I propose that absolute flat space is the ultimate balance point, making
it an ultimate attractor within state space. In science, there is a known
but not fully understood point of absolute zero that is common to all physical
properties. This ultimate point in nature is a zero mass, zero temperature,
zero curvature (flat space), and a zero time. As I shall explain, this
zero is the great attractor that begins and ends time.

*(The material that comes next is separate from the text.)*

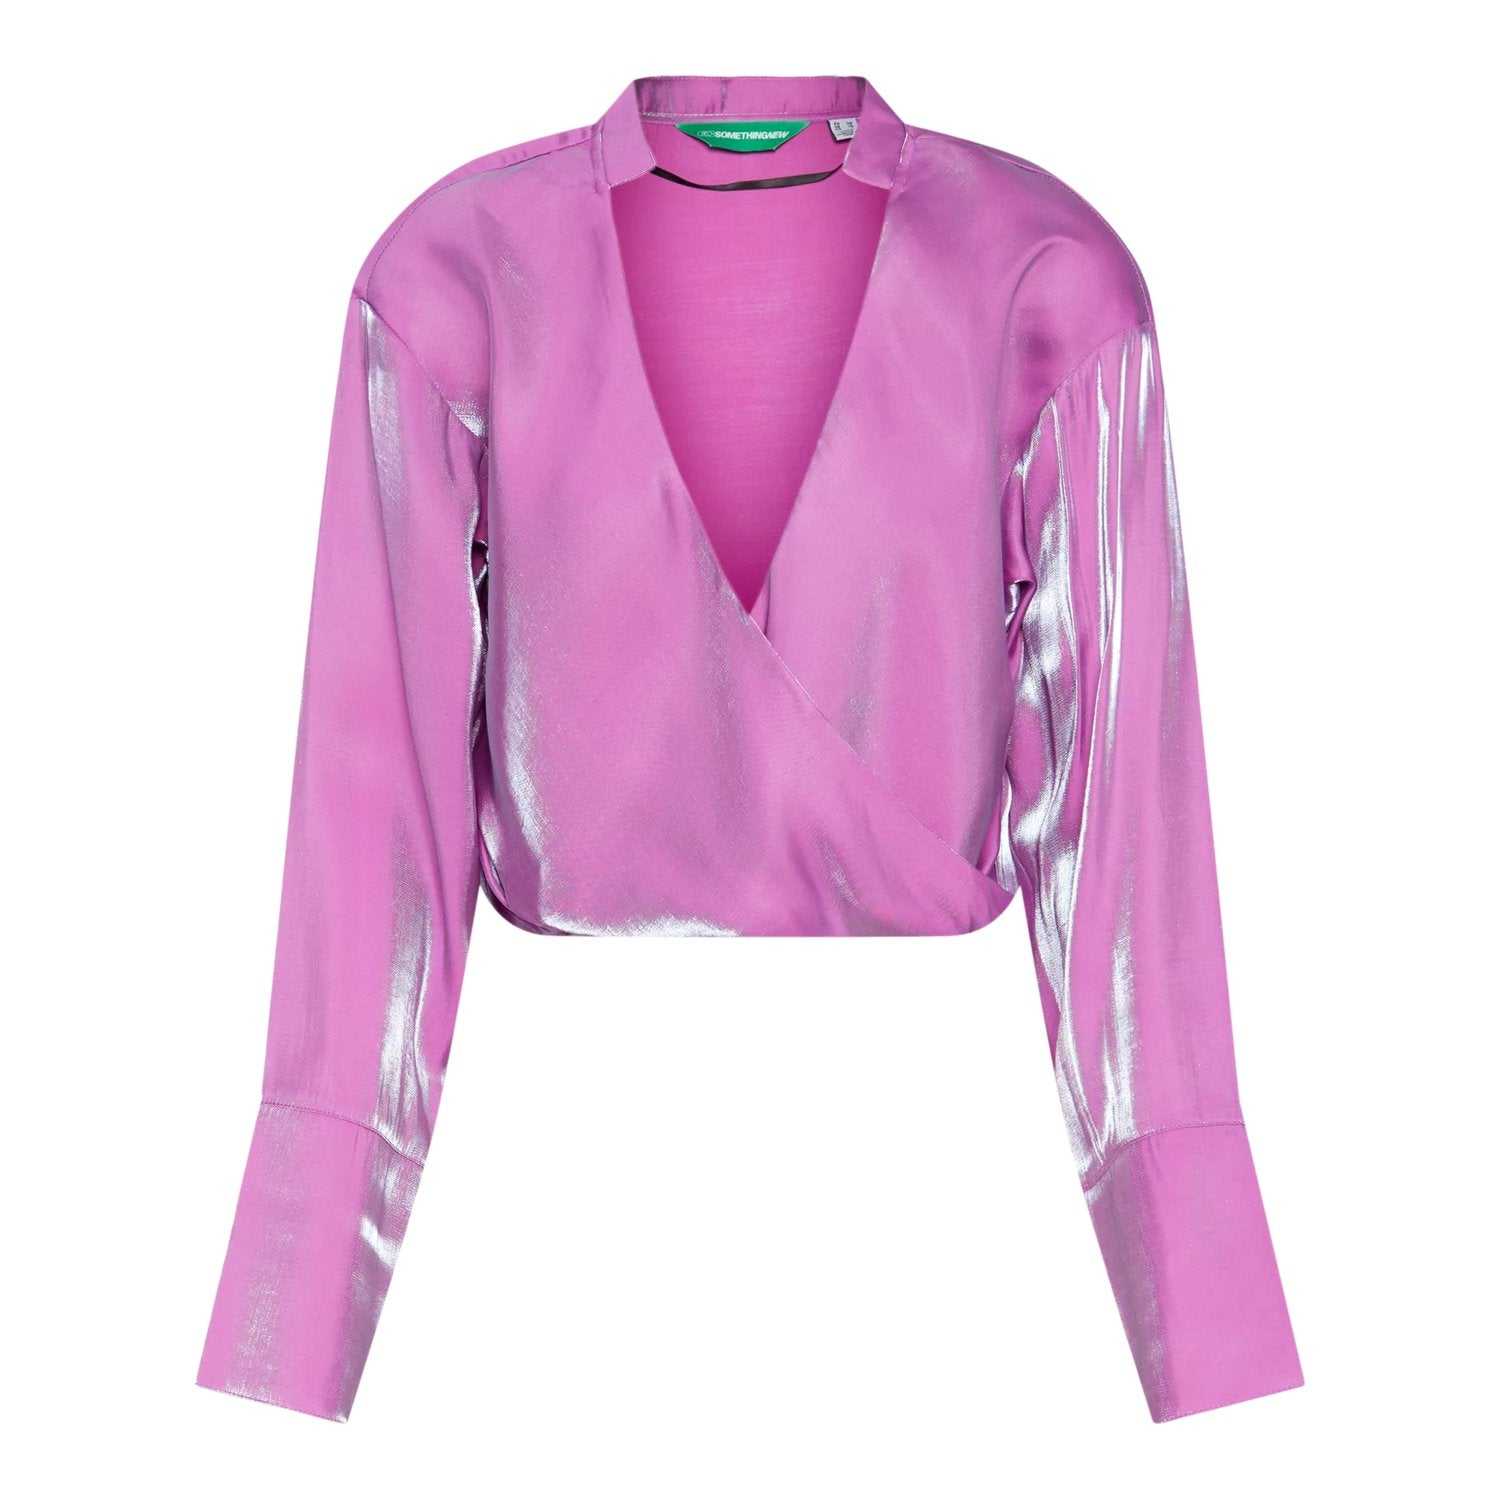 Snbey Crystal Satin Cropped Blouse
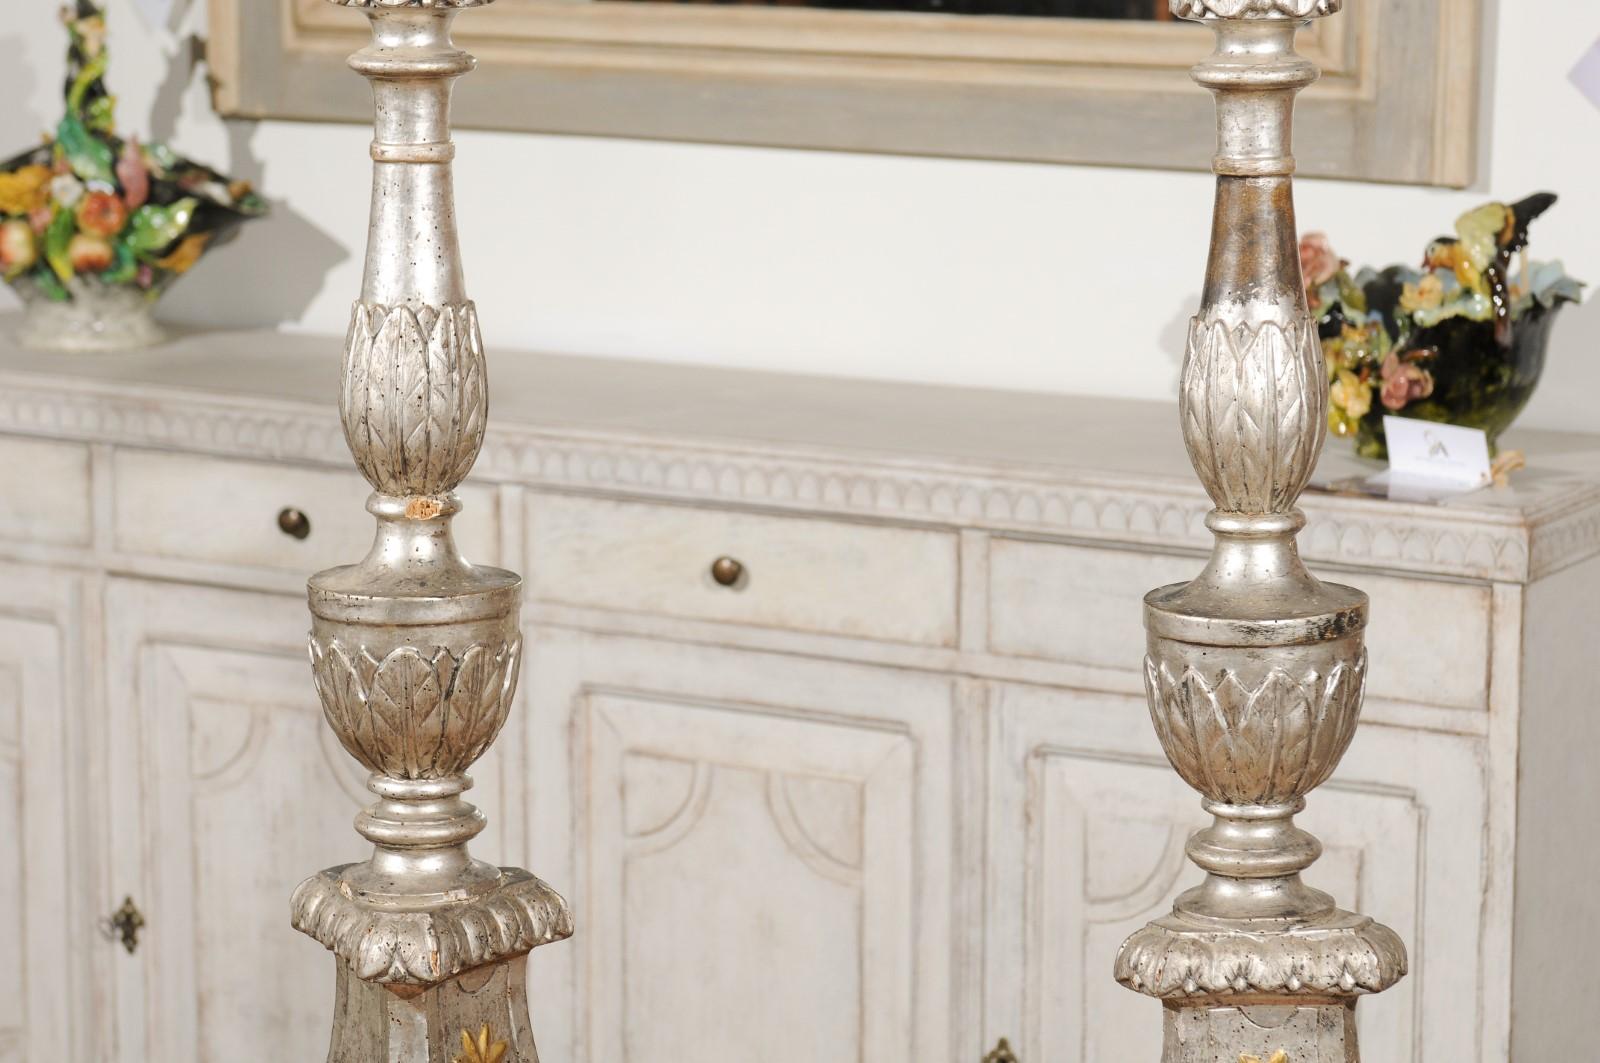 Pair of Italian 18th Century Silver Candlesticks with Gilt Star and Waterleaves In Good Condition For Sale In Atlanta, GA

This website has been written for the average
reader and a scientific background is helpful, but not mandatory. My ability
to explain my theories has greatly improved over the years. I was happy
to find that Scientific American had placed a link to my site in their
April online issue. In addition to hundreds of non-scientists, I have had
several scientists around the world contact me and voice their approval
of my work, though generally the theory has not yet been recognized or
published by any scientific media.
In explaining ideas, I am fortunate that my
work can sometimes be related to similar directions of thought of Stephen
Hawking and some of the terminology was adopted from Stuart Kauffman's
exciting work. Clearly what I propose has some relationship to the well
known theories of the late Richard Feynman. Much of what follows I believe
contributes to the pool of ideas brought about by the No Boundary Proposal,
and Feynman's Sum Over Histories Theory.
One part of my theory, undoubtedly my most important
theory or proposal, is the recognition that rather than ordered and disordered states,
there are two opposite directions of increasing order in nature. This theory
clearly relates to the concept of Implicate Order proposed by David
Bohm to explain the nature of quantum mechanics. Essentially I explain
distinctions between what I call Grouping Order and Symmetry
Order. The surprising recognition is that the order of each increases
in opposite directions, and thus the order of one is the disorder of the
other. Consequently it becomes necessary to divide what we ordinarily consider
to be simply order into two distinct contrasting types or directions. This
I insist is a good hard scientific law which has a great impact on our
present comprehension of nature.
I hope you enjoy the tour. I know it may seem
to a few that we are not ready to look outward beyond known physical laws
and visible galaxies into worlds we can only imagine. But having been there
I know the truth is that our apprehension of the infinite is why we have
not yet made sense of the big picture. Our tendency to leave the greater
world unexplored, is the reason we have yet to understand why there
are stars and galaxies, or why all of space is expanding, or why
the universe is so highly ordered and systematic. It can be discovered
that the infinite universe has a shape, a shape that relates intimately
to ourselves, and to the elementary physics of our spacetime universe.